BEGIN RECORDED DATA

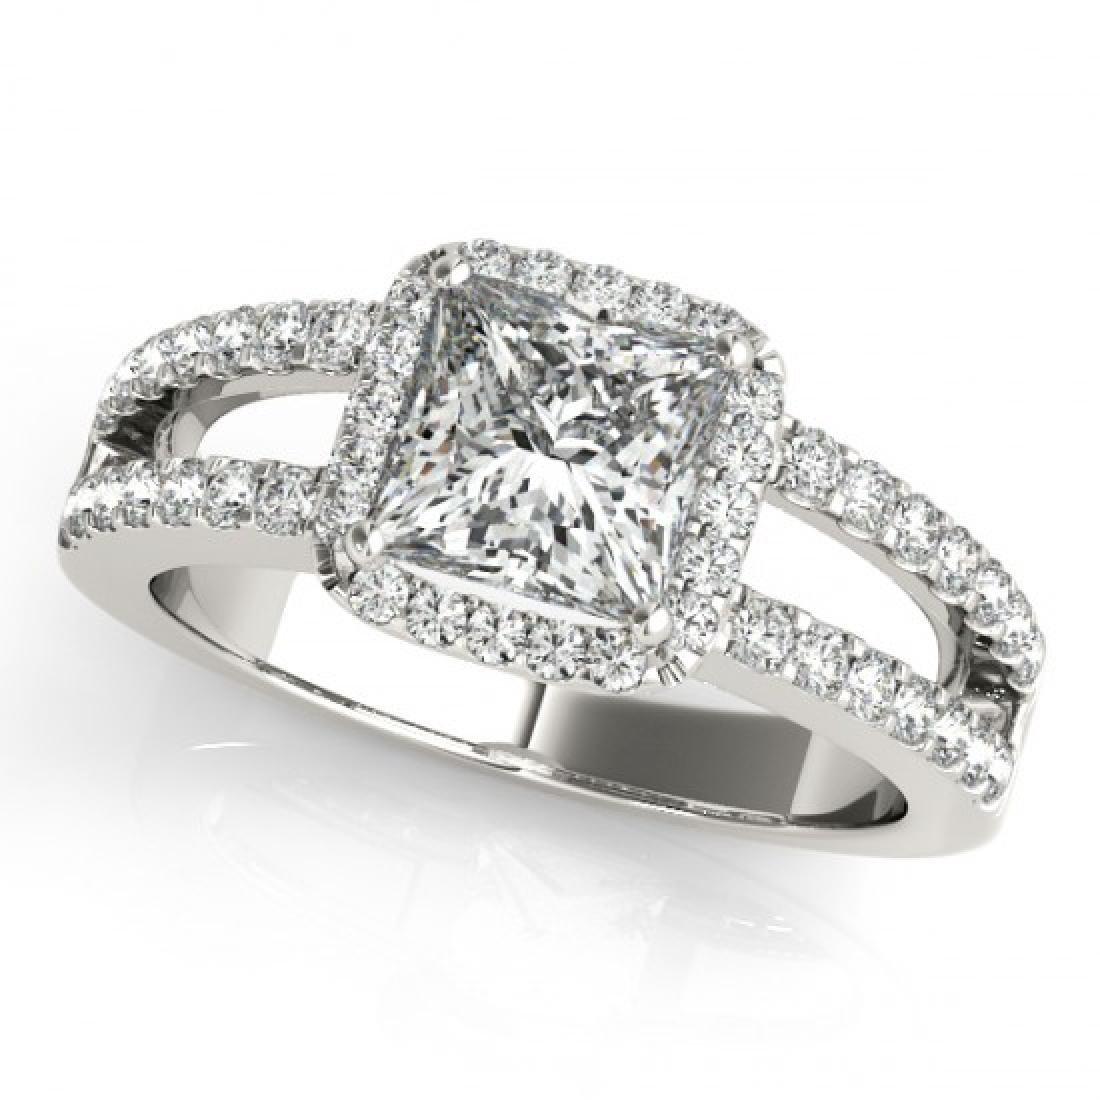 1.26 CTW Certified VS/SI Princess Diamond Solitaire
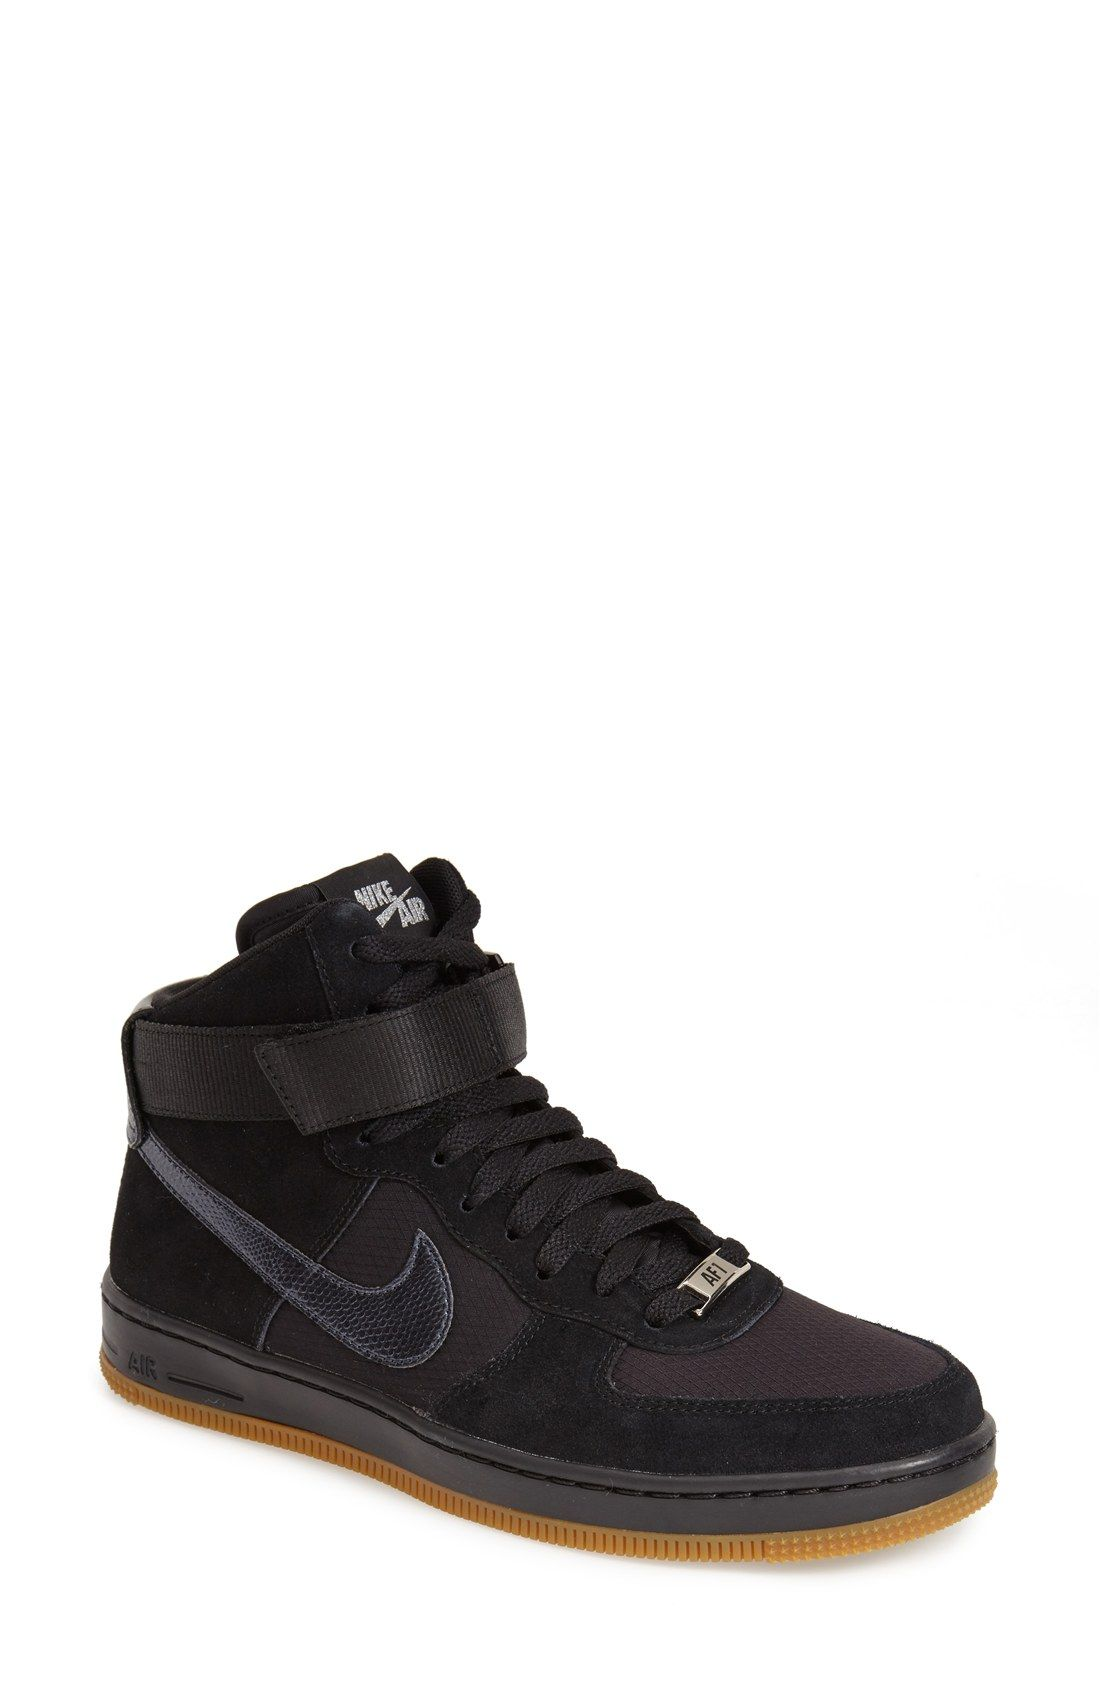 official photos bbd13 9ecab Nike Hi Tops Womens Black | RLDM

END RECORDED DATA
BEGIN RECORDED DATA

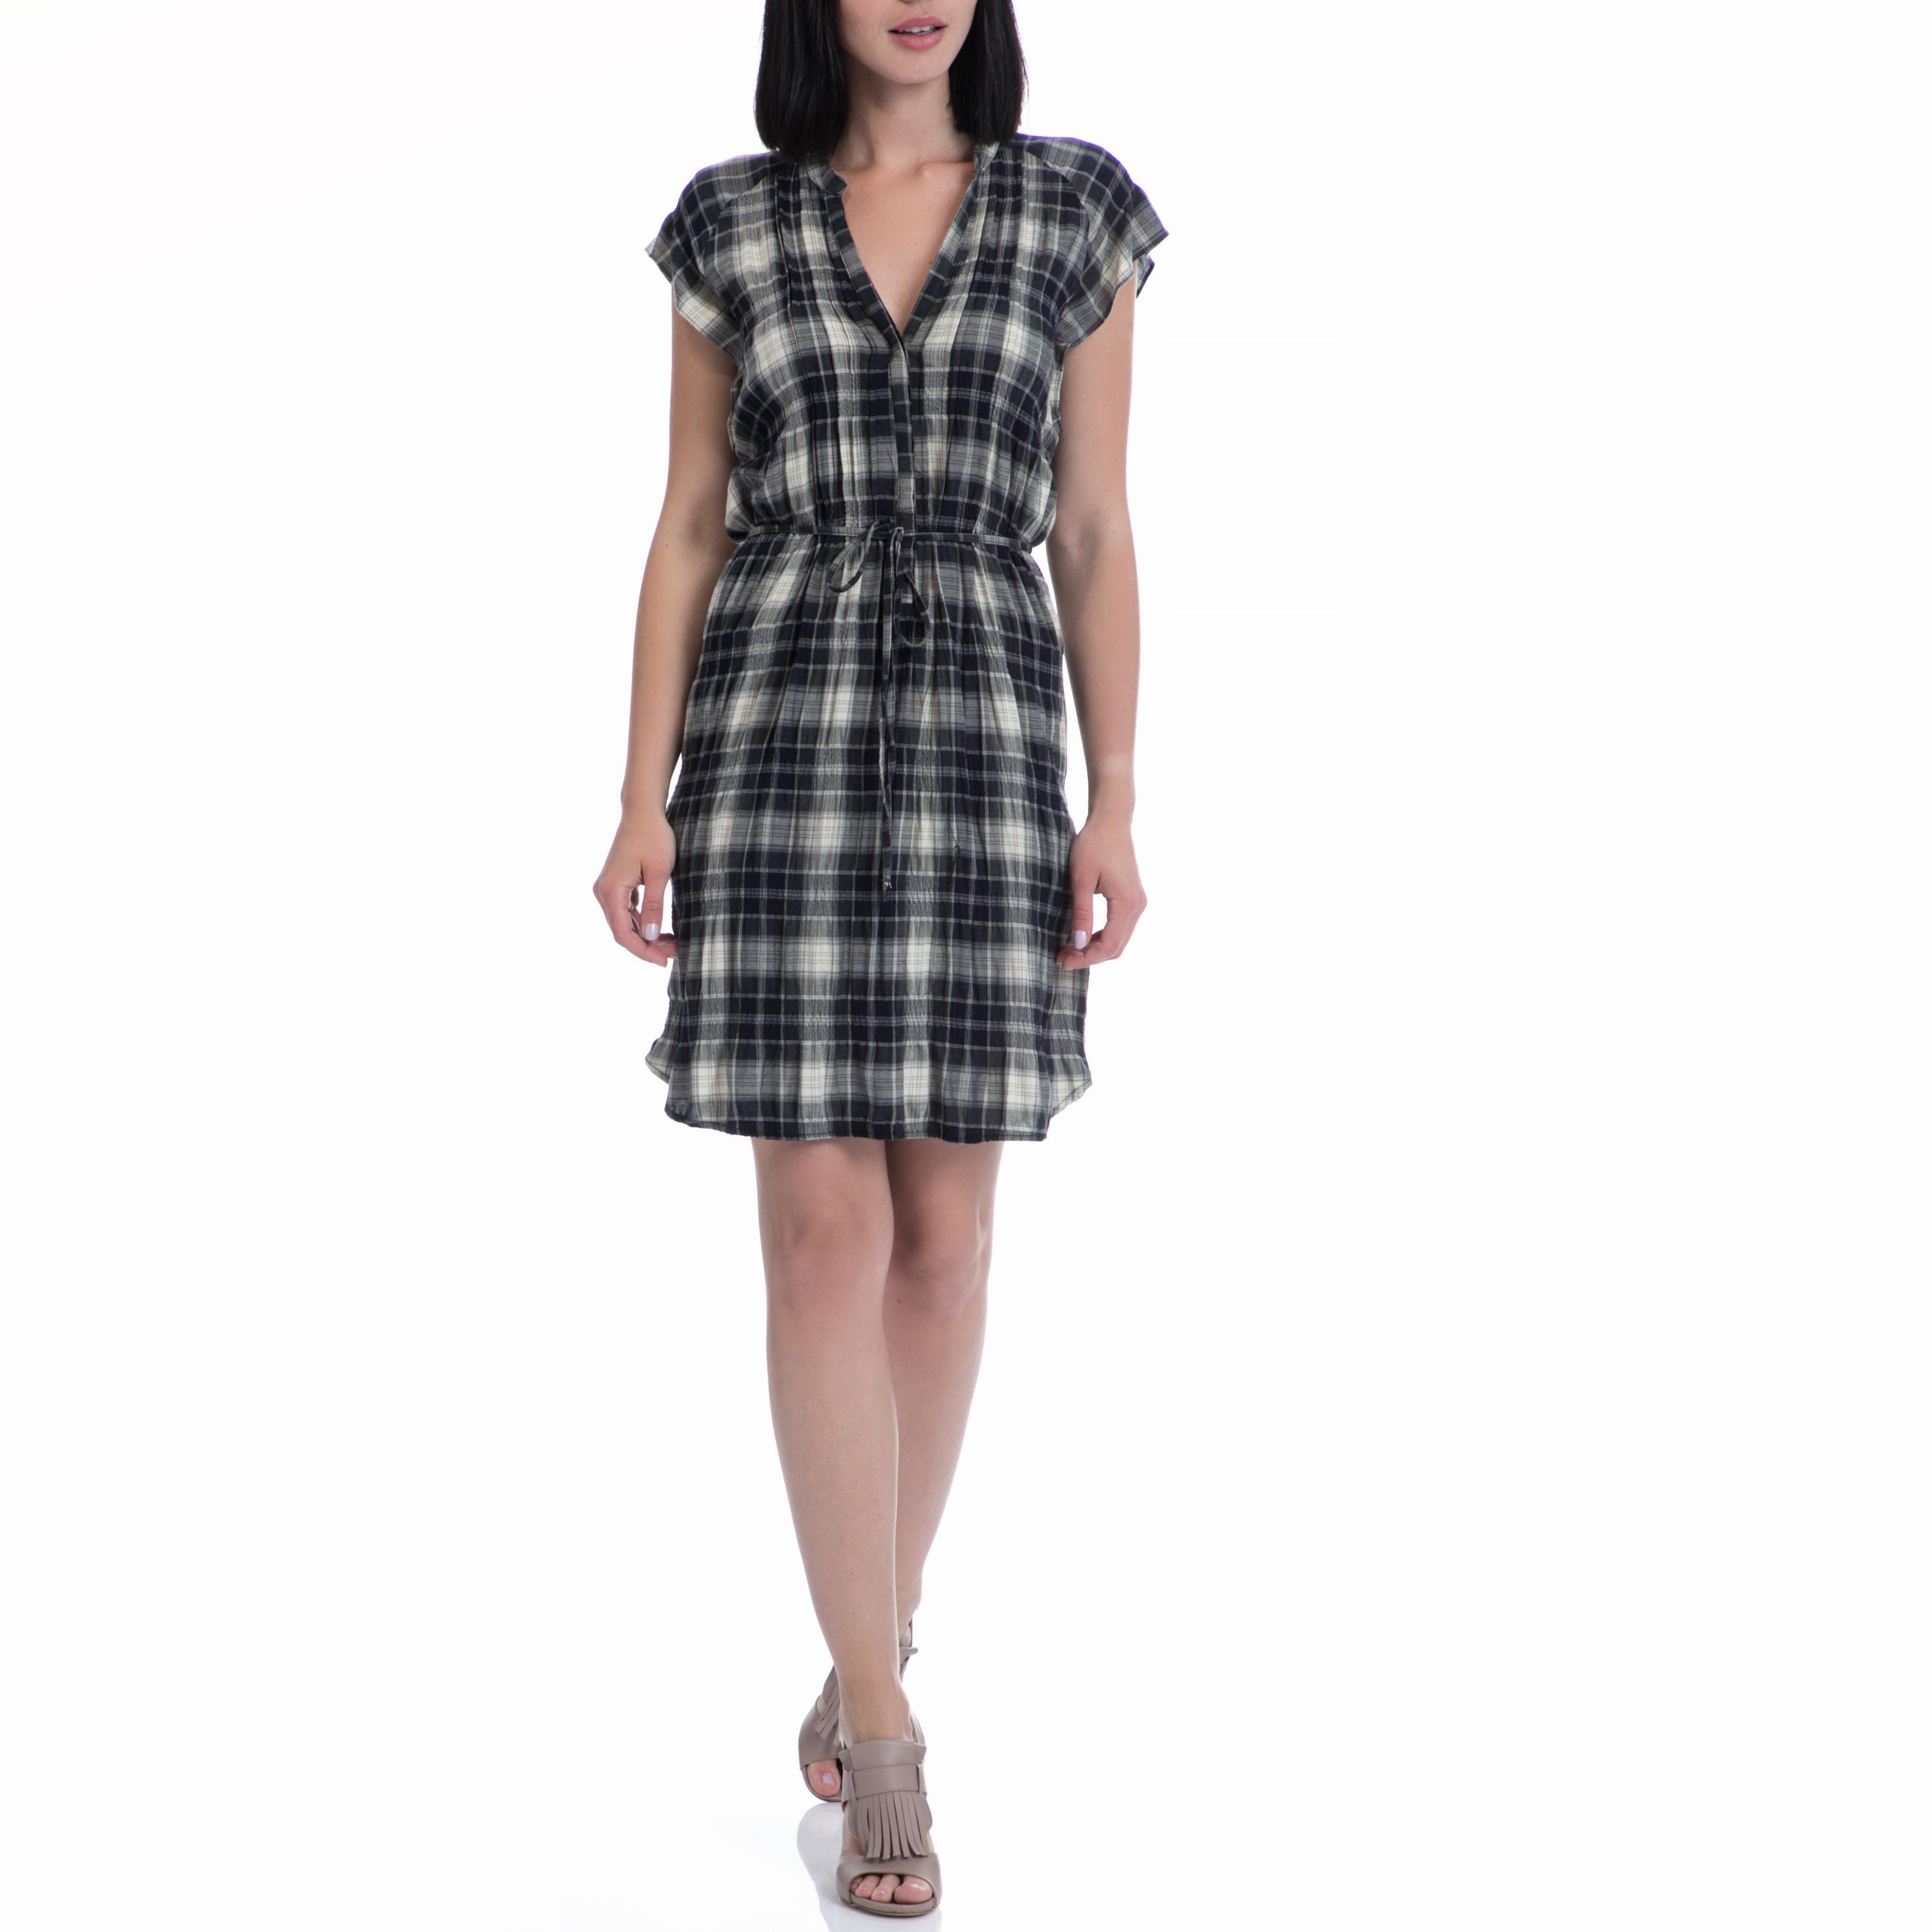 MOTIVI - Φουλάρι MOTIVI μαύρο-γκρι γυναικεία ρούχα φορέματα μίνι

END RECORDED DATA

## WORK ITEM
Without the pictures, set down the lines above from the line with "1.26 CTW Certified" up to and including the line with "official photos bbd13" exactly as they stand.

## RESPONSE BOX
 1.26 CTW Certified VS/SI Princess Diamond Solitaire
 official photos bbd13 9ecab Nike Hi Tops Womens Black | RLDM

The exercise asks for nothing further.